Legionnaires disease lessons – 40 years on
Dr. Joseph McDade discovered the bacterium that causes Legionnaires disease. The Philidephia outbreak at the Legionnaires’ convention that gave the disease its name occurred 40 years ago this month. But it wasn’t until five months later, around Christmas, that Joseph McDade, a CDC microbiologist made a fateful discovery in identifying the legionella bacteria. It would be key to solving the mystery, once and for all. He went back to his samples and re-examined some anomalies that he had noticed earlier. This re-examination led to the discovery of the Legionella bacterium which grows inside amoeba and is therefore not easily identified by normal microbiological methods.

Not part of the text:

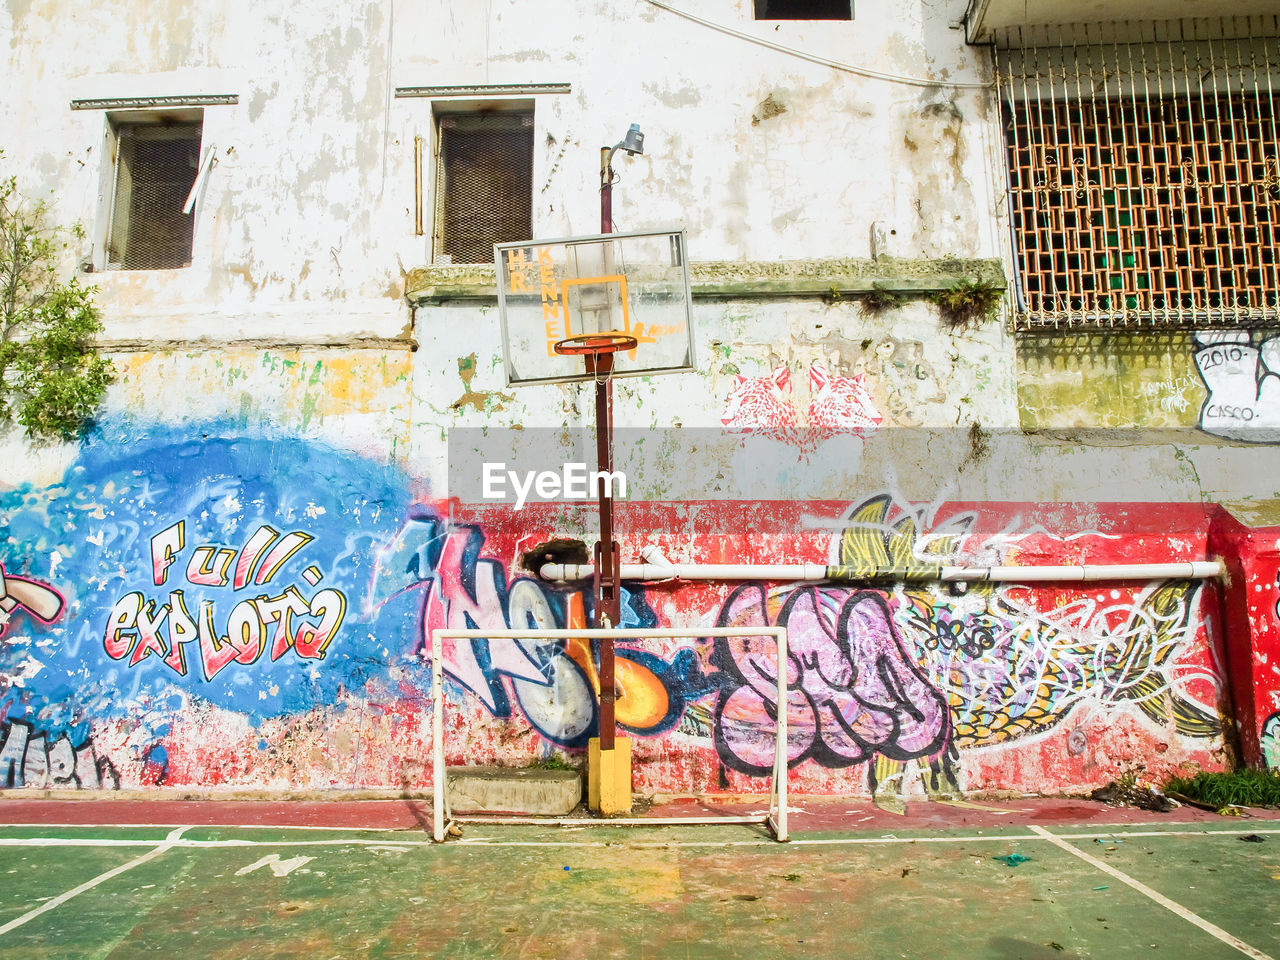 Graffiti and basketball hoop
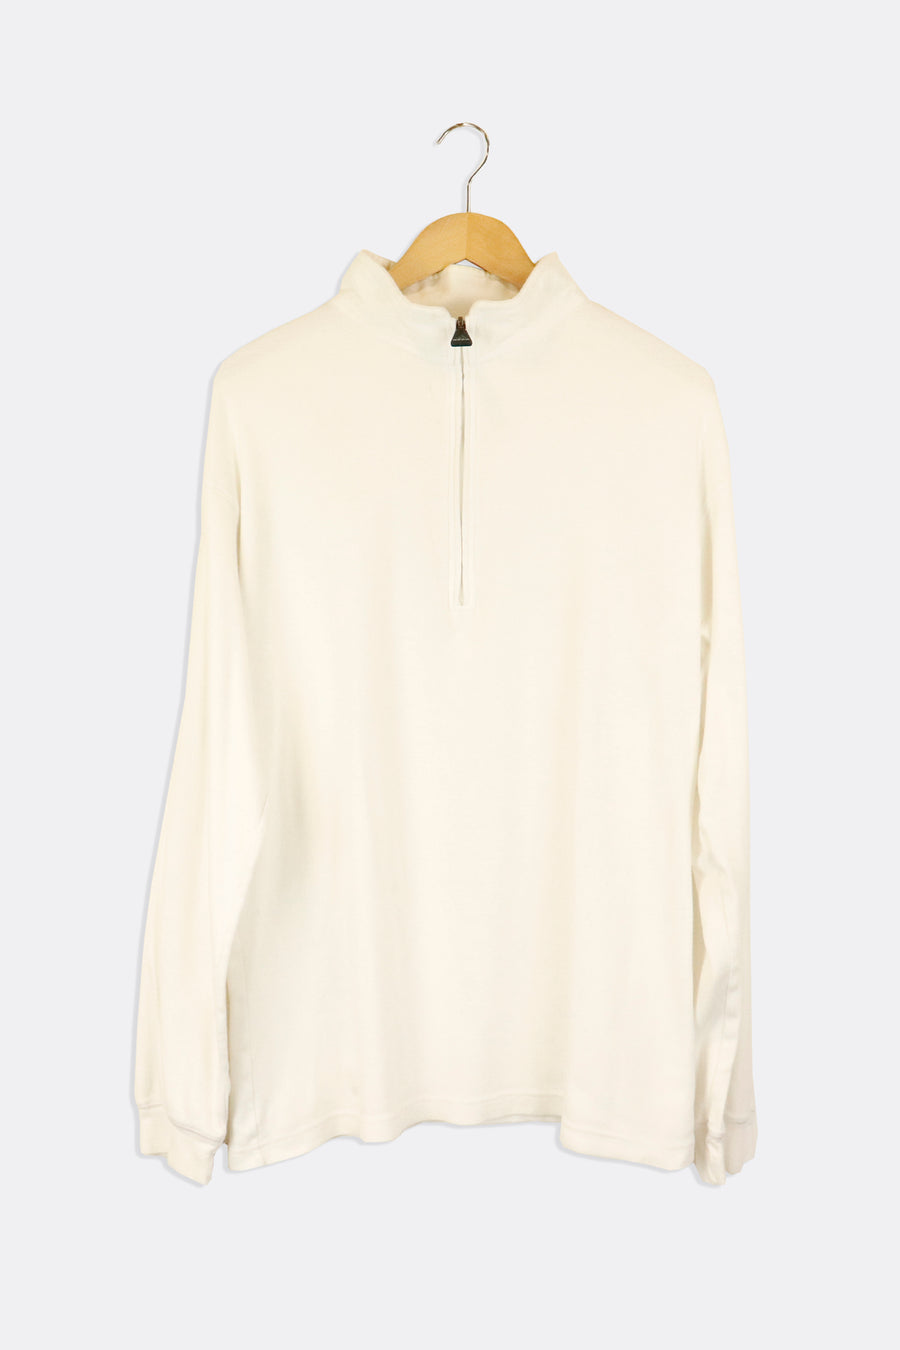 Vintage Adidas Quarter Zip Simple White Sweatshirt Sz L

McDade himself states: “I was trained as a research microbiologist and not as a public health microbiologist, And the more I learned about epidemiology, the better a laboratory scientist I became. Because it’s not only about doing the right tests and doing them well, it’s knowing what to test and why. And I found that over time, I started asking the broader questions about what do we think is happening, how can we determine what that is, what tests we should perform and why,” said McDade. “If you’re not asking the right questions about it, the information won’t necessarily be useful.”
Maybe we should learn from these 40 year old lessons and recognise there is more than one way to gather and look at data. Several view points provide a better picture. There is room for both rapid antigen testing and culture testing in fighting Legionnaires disease.